Pre-draft measurables
| Height | Weight | Arm length | Hand span | Wingspan | 40-yard dash | 10-yard split | 20-yard split | 20-yard shuttle | Three-cone drill | Vertical jump | Broad jump | Bench press |
| 6 ft 0+7⁄8 in (1.85 m) | 200 lb (91 kg) | 30+3⁄4 in (0.78 m) | 8+3⁄4 in (0.22 m) | 6 ft 1+1⁄4 in (1.86 m) | 4.55 s | 1.61 s | 2.65 s | 4.50 s | 7.50 s | 33.0 in (0.84 m) | 9 ft 9 in (2.97 m) | 13 reps |
All values from Pro Day

=== Los Angeles Chargers ===

After going unselected in the 2024 NFL draft, Johnson signed with the Los Angeles Chargers as an undrafted free agent.

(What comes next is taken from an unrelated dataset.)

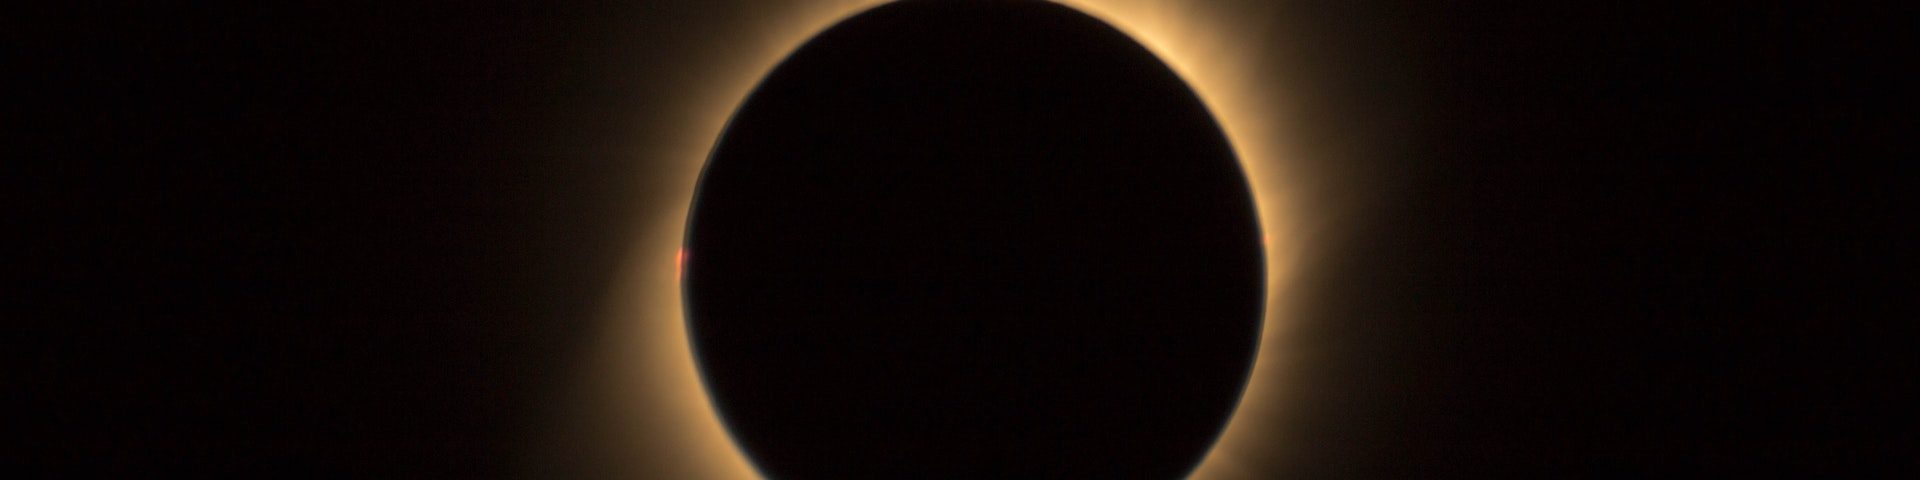 6 Fast Facts to Know About the Science Behind a Solar Eclipse

He had three receptions for 53 yards in preseason but was released at the final roster cuts on August 27, 2024, then being re-signed to the practice squad the following day. He was elevated to the active roster for the team's Week 8 game against the New Orleans Saints, and made his debut in the game, appearing on one offensive snap and three special teams snaps. He signed a reserve/future contract on January 13, 2025.

=== Saskatchewan Roughriders ===

On April 30, 2026, Johnson signed with the Saskatchewan Roughriders of the Canadian Football League. He appeared in three games for the club in the 2026 CFL season before his release on August 5, 2026.